You can dress this up a bit: suppose price(t+1) – price(t) is the random variable X + [(.001) x t'th digit of pi] – (.045). Unless something very weird is going on with the digits of pi, this version of the stock market would also satisfy the random walk hypothesis. But unlike the pure random walk it’s a market where you can make some money; if I’m lucky enough to have access to the “digits of pi” rule, I can make a small average profit. So the random walk hypothesis can hold for markets that are neither efficient nor unbeatable.

Stronger versions of the EMH hold that the market price already takes into account, not only the previous prices of the stock, but also publicly available information about the stock. So what would happen if I let my secret investing strategy slip out?

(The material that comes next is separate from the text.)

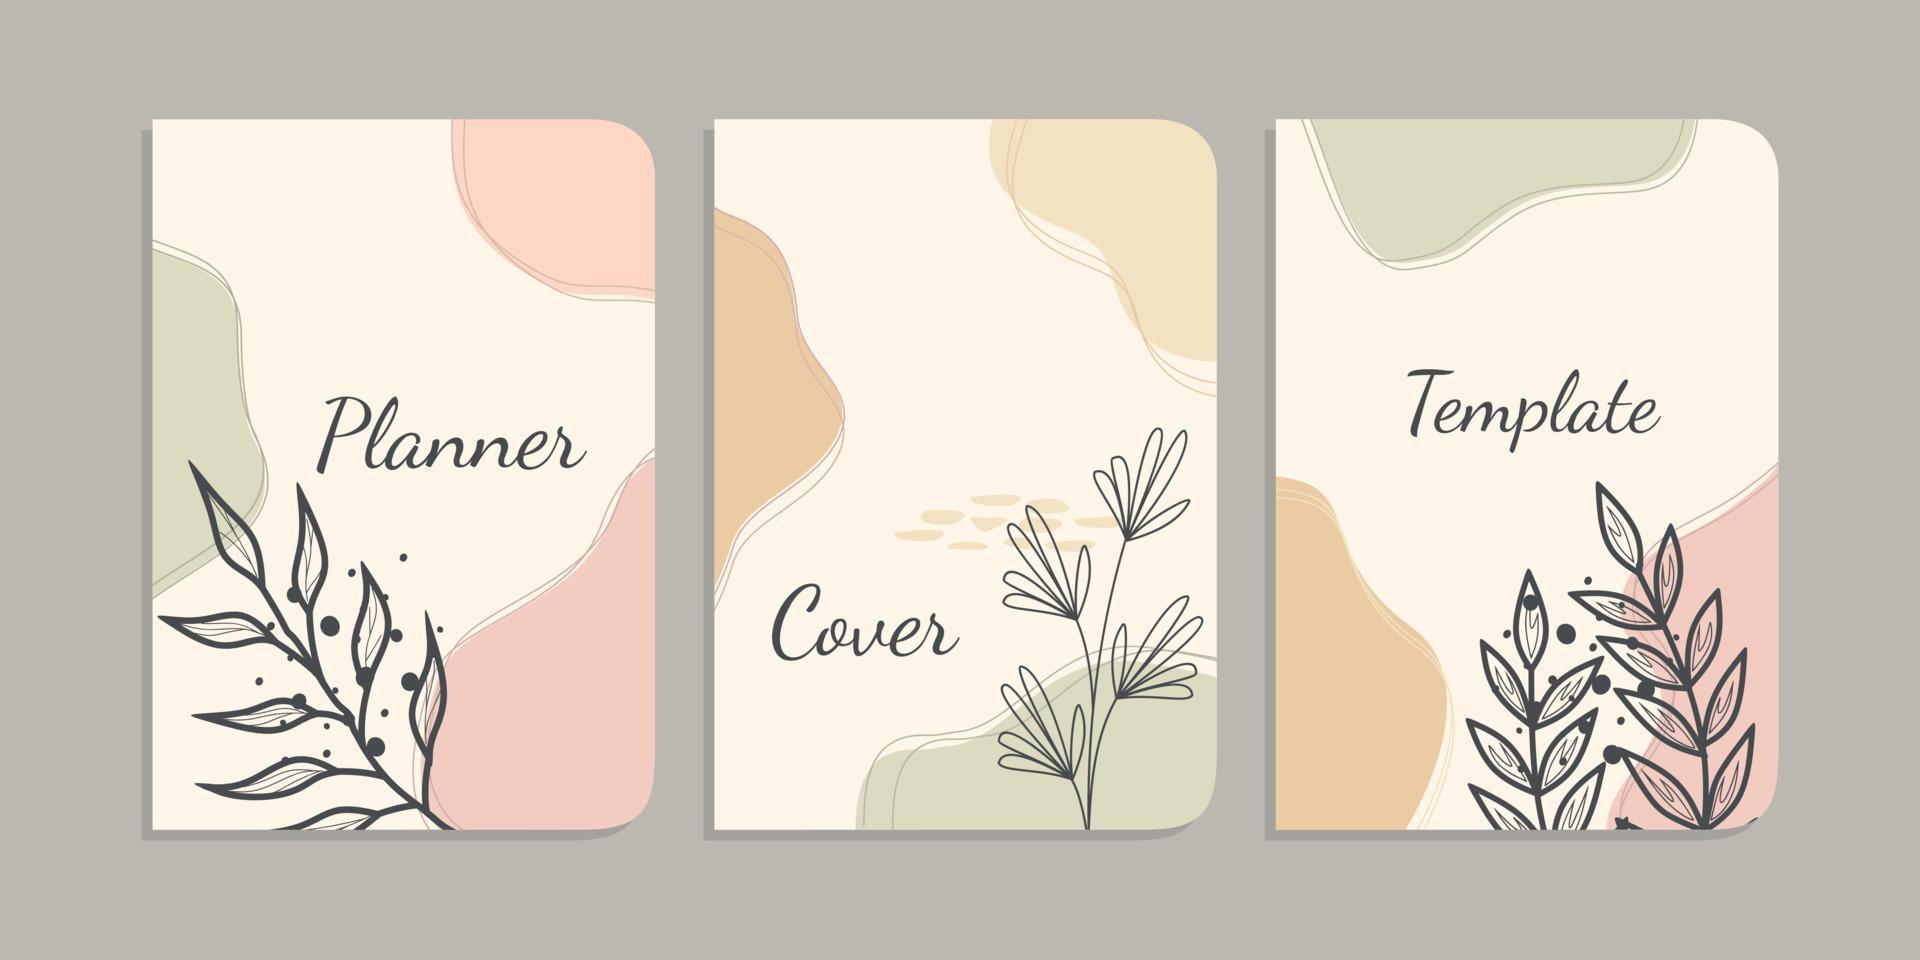 set of school book cover designs with hand drawn floral decorations. aesthetic botanical abstract background. size A4 For notebooks, diaries, planners, brochures, books, catalogs vector

This isn’t a rhetorical question; I’m authentically curious about what the rational-investor model would say about a market in which prices are publically revealed to have been governed, up until now, by some completely deterministic but “random-looking” sequence like the digits of pi.

I’m authentically curious about what the rational-investor model would say about a market in which prices are publically revealed to have been governed, up until now, by some completely deterministic but “random-looking” sequence like the digits of pi.IANA economist of any sort, but my “gut reaction” is to say that the hypothesis is unrealistic — market behavior simply can’t be described by something that simple. That’s sort of dodging the question, but a slightly less slippery way of putting it might be to conjecture that predicting stock prices is “Wall Street-complete,” i.e. that it is computationally as hard to forecast the market as it is to actually simulate the actions of traders, etc. (I don’t actually believe that this is true in theory, but it seems to be close to true in practice.)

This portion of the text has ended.